Data stream dataset of SARS-CoV-2 genome

Raquel de M Barbosa a,b,d,⁎⁎, Marcelo AC Fernandes b,c,e,⁎,⁎⁎⁎
PMCID: PMC7306612  PMID: 32596428

Abstract

As of May 25, 2020, the novel coronavirus disease (called COVID-19) spread to more than 185 countries/regions with more than 348,000 deaths and more than 5,550,000 confirmed cases. In the bioinformatics area, one of the crucial points is the analysis of the virus nucleotide sequences using approaches such as data stream techniques and algorithms. However, to make feasible this approach, it is necessary to transform the nucleotide sequences string to numerical stream representation. Thus, the dataset provides four kinds of data stream representation (DSR) of SARS-CoV-2 virus nucleotide sequences. The dataset provides the DSR of 1557 instances of SARS-CoV-2 virus, 11540 other instances of other viruses from the Virus-Host DB dataset, and three instances of Riboviria viruses from NCBI (Betacoronavirus RaTG13, bat-SL-CoVZC45, and bat-SL-CoVZXC21).

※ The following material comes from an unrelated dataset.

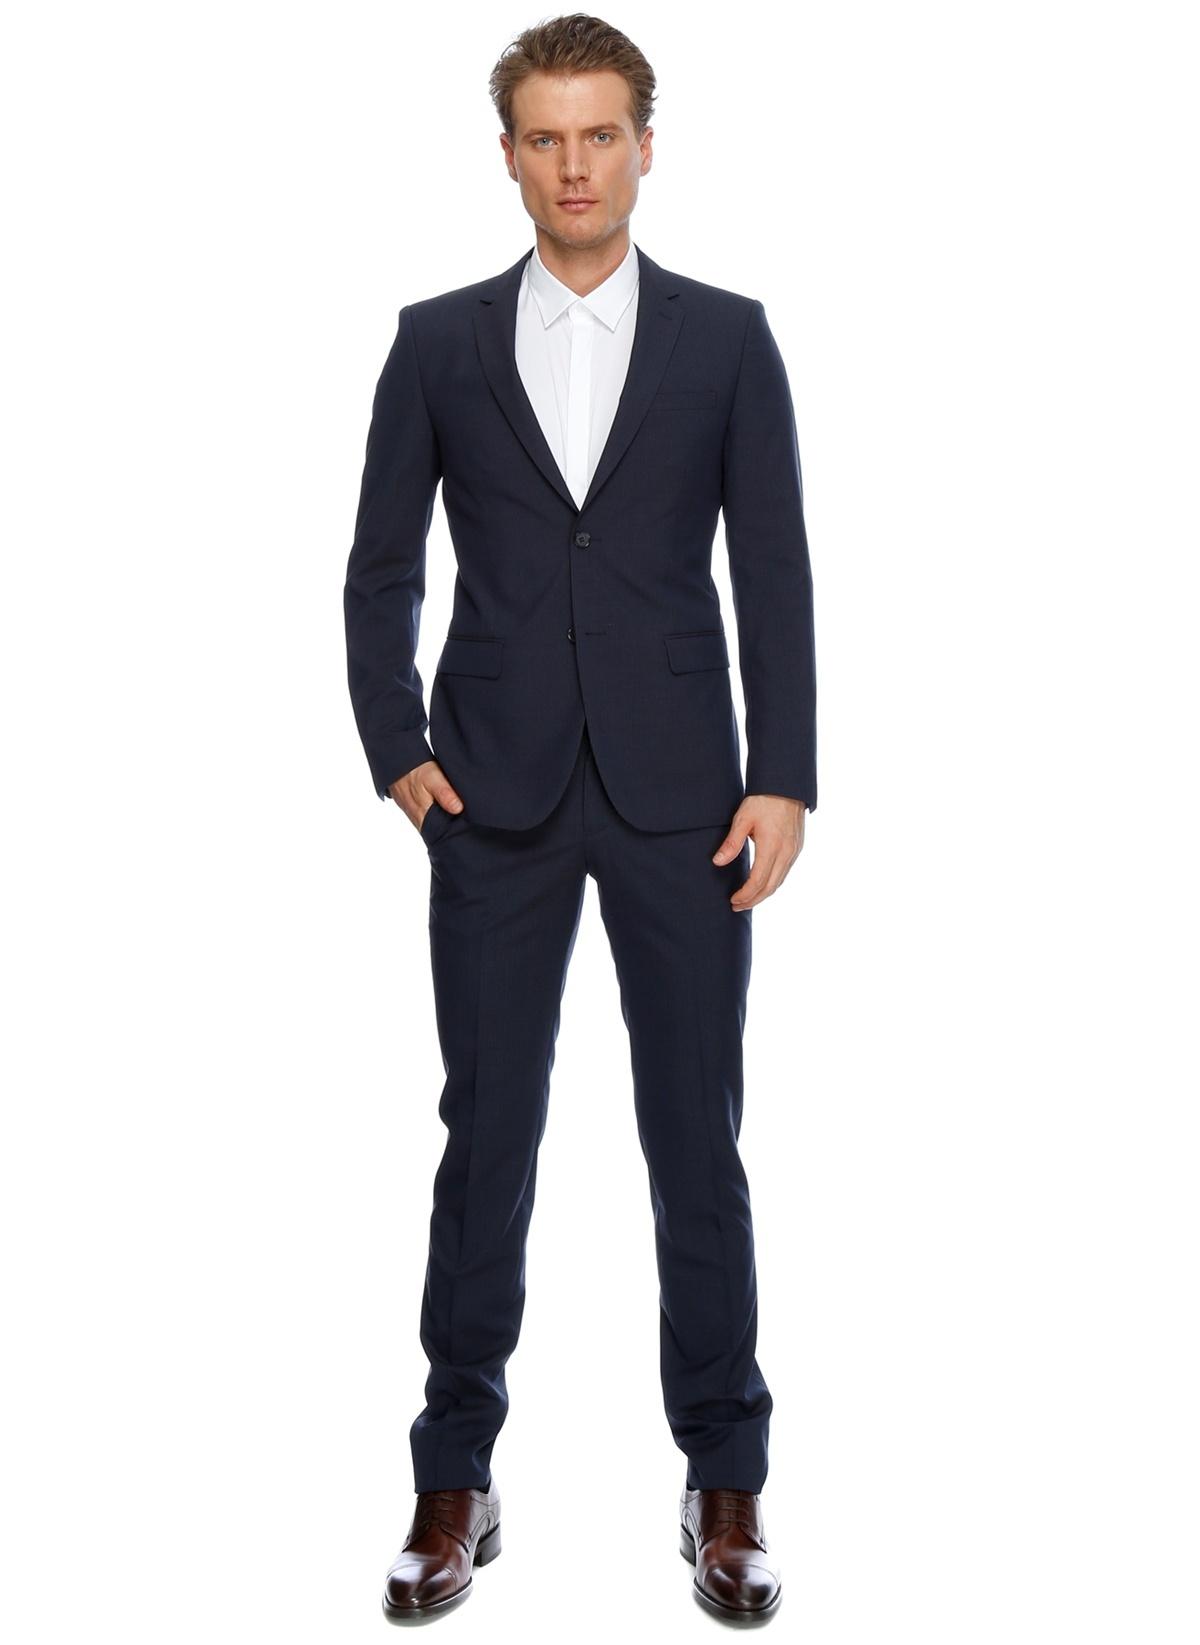 Fabrika Takım Elbise 72yel Fanse-ku – Part-19-252 Fbe – 799.99 TL

Keywords: SARS-CoV-2, Data stream, COVID-19


Specifications Table
Subject Biochemistry, Genetics and Molecular Biology (General)
Specific subject area Bioinformatics
Type of data Table
Number
How data were acquired NCBI - Genbank - SARS-CoV2 https://www.ncbi.nlm.nih.gov/genbank/sars-cov-2-seqs
Virus-Host-DB https://www.genome.jp/virushostdb
Matlab Software
Excel Software
Data format Raw and analyzed data are in Matlab file (.mat) and Microsoft Excel file (.xlsx).
Parameters for data collection The entire dataset was generated using MATLAB 2019b on Windows operating system with Intel Core - i5 6500T 2.5 GHz quad-core processor with 16GB of RAM.
Description of data collection The raw data were downloaded from NCBI - Genbank, and Virus-Host-DB. The data stream values were generated using Matlab.
Data source location Laboratory of Machine Learning and Intelligent Instrumentation, IMD/nPITI, Federal University of Rio Grande do Norte.
Data accessibility https://data.mendeley.com/datasets/g5ktw4y4pz/2

Value of the Data

  • These data are useful because they provide numeric representation of the COVID-2019 epidemic virus (SARS-CoV-2). With this, it is possible to use data stream algorithms.

  • All researchers in bioinformatics, computing science, and computing engineering disciplines can benefit from these data because by using this numeric representation, they can apply several stream algorithms and techniques such as TEDA (Typicality and Eccentricity Data Analytic), TEDA-Cloud, TEDA-Cluster and Teda-Class in genomic information.

  • Data experiments that use analytic stream techniques in SARS-CoV-2 virus genomic information can be used with this dataset.

  • These data represent an simple way to evaluate the SARS-CoV-2 virus genome with stream algorithms.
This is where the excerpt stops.